- WHAT THE EXERCISE ASKS -
Go through the listing that follows and write it out exactly. Drop the pictures.

- INPUT DATA -
========================================================================
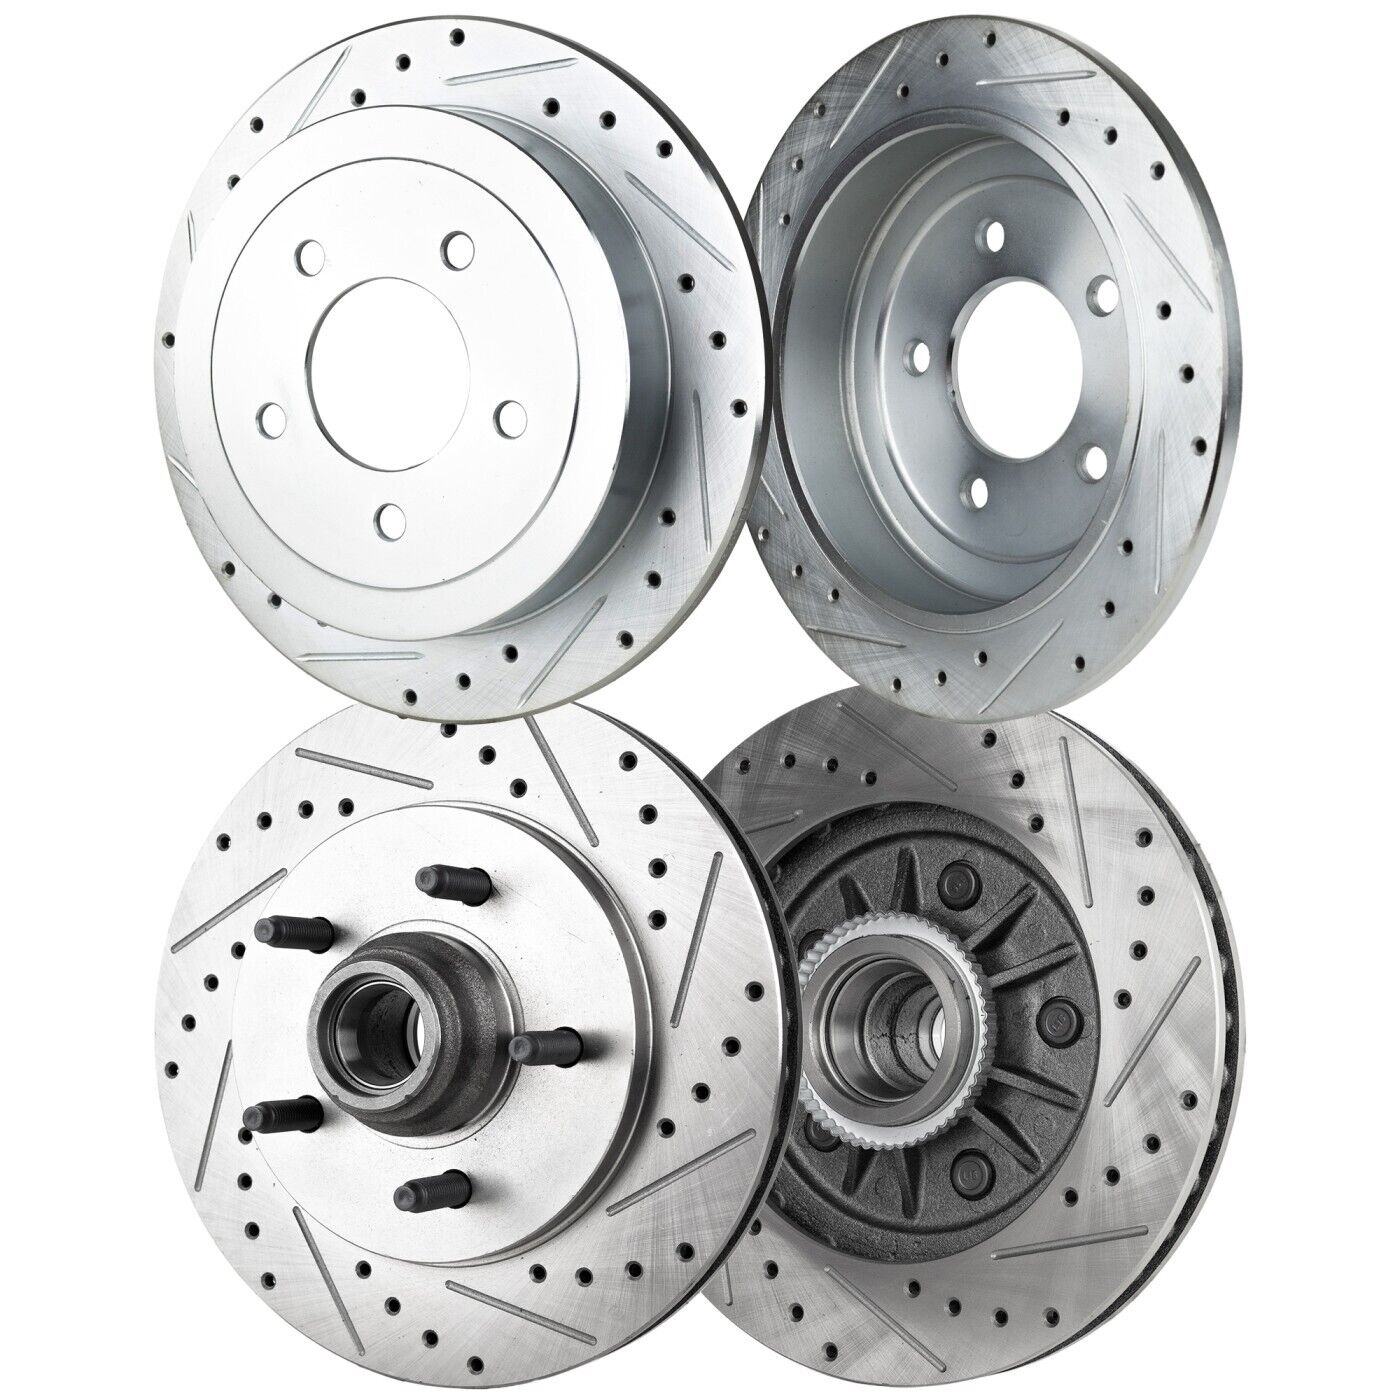 Front & Rear Brake Disc Rotors for F150 Truck Ford F-150 Expedition Navigator
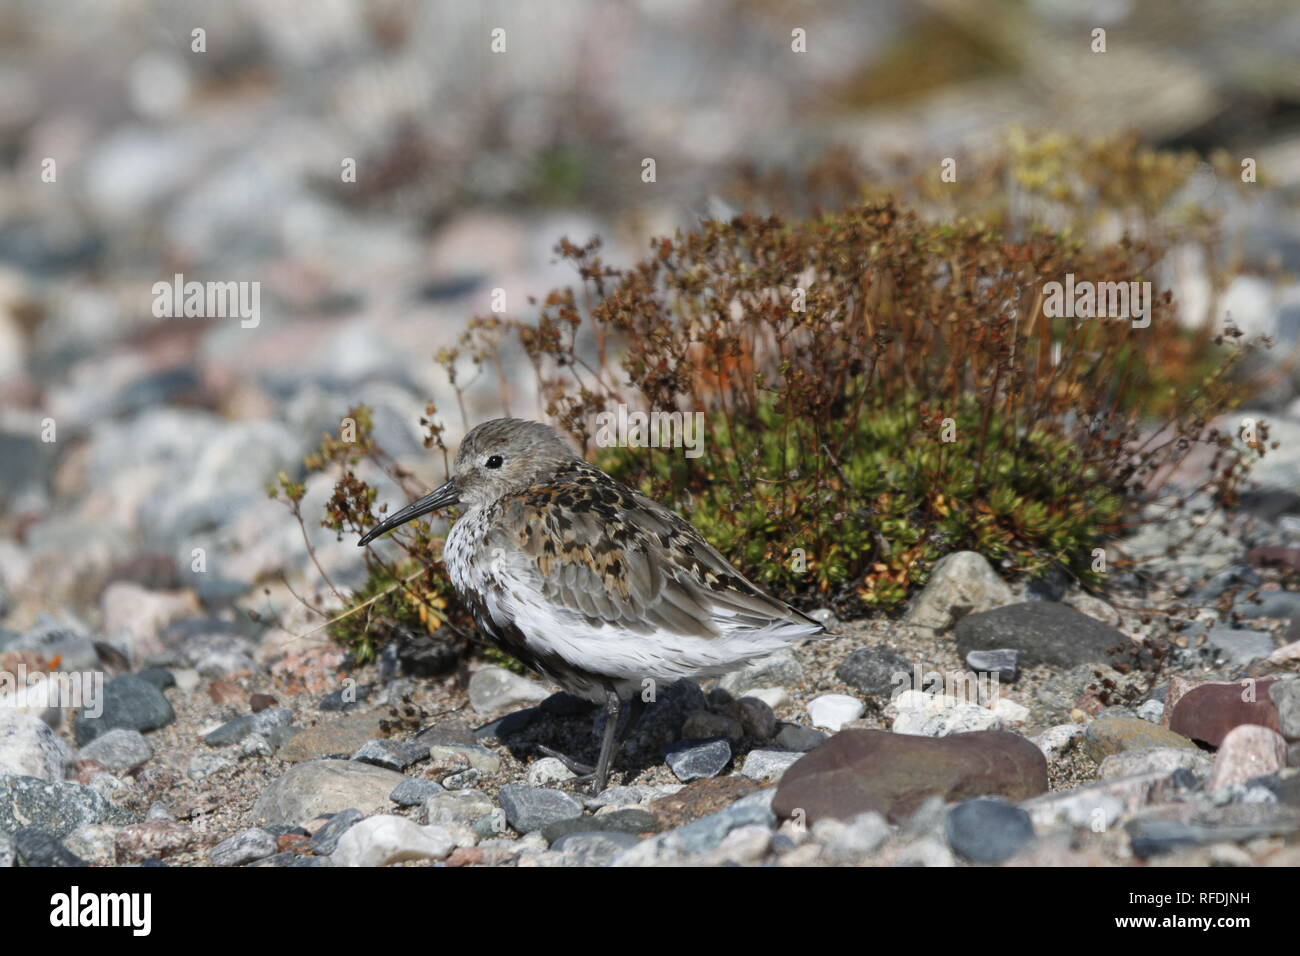 Dunlin (Calidris alpina), a medium sized sandpiper and shorebird standing sidewise with plants in the background Stock Photo
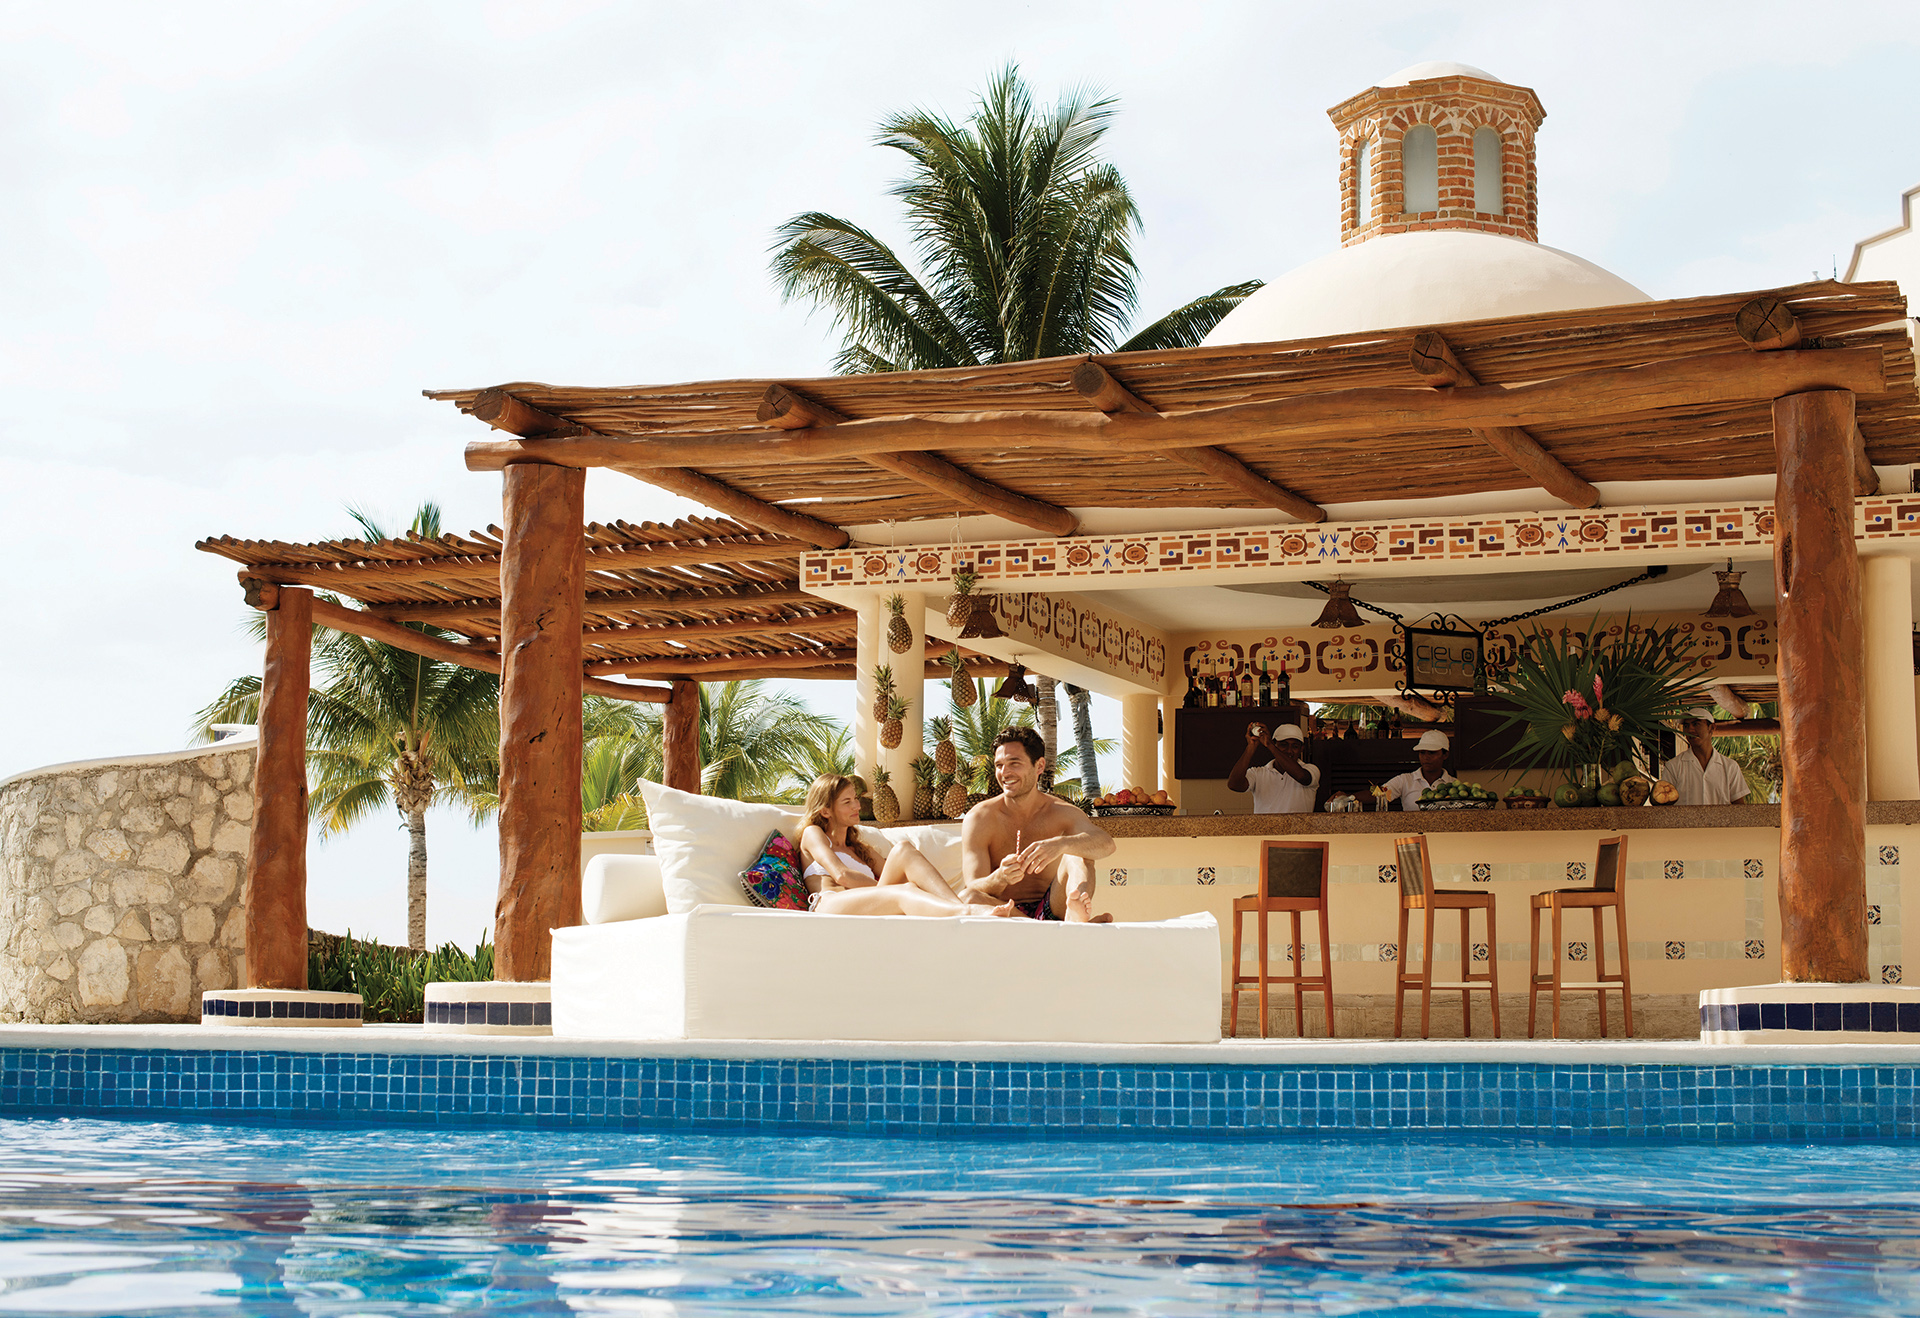 An exclusive and unique resort ambiance in Riviera Maya
========================================================================
- SOLUTION TO THIS TASK -
 Front & Rear Brake Disc Rotors for F150 Truck Ford F-150 Expedition Navigator
 Dunlin (Calidris alpina), a medium sized sandpiper and shorebird standing sidewise with plants in the background Stock Photo
 An exclusive and unique resort ambiance in Riviera Maya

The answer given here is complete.